=== How to complete this task ===
The pictures must be left out, while the rest of the data is copied exactly.

=== Dataset extract ===
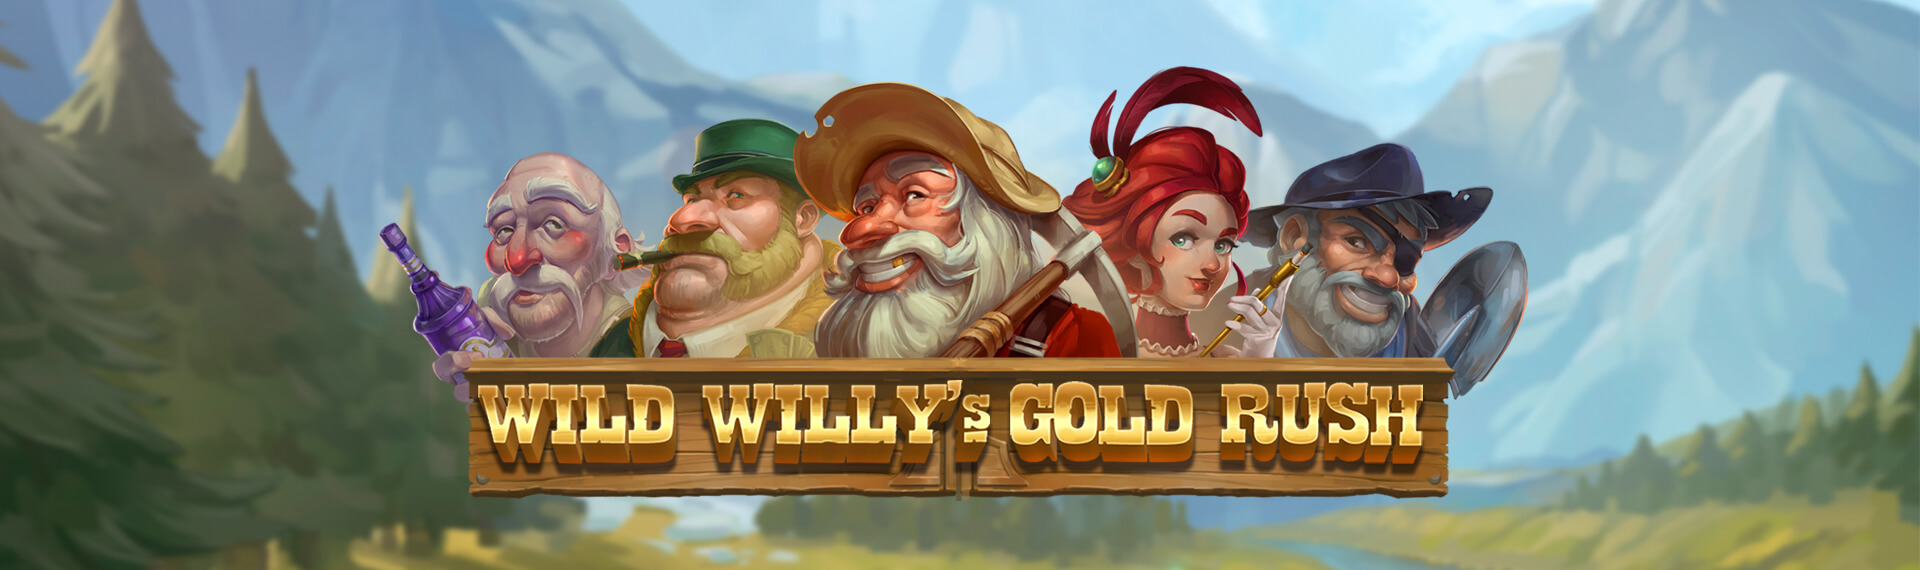 Wild Willy’s Gold Rush Screenshot <br />
<b>Notice</b>:  Undefined variable: key in <b>/var/www/html/wp-content/themes/armadillo/page-game.php</b> on line <b>37</b><br />
1

=== Reply to the exercise ===
 Wild Willy’s Gold Rush Screenshot <br />
<b>Notice</b>:  Undefined variable: key in <b>/var/www/html/wp-content/themes/armadillo/page-game.php</b> on line <b>37</b><br />
1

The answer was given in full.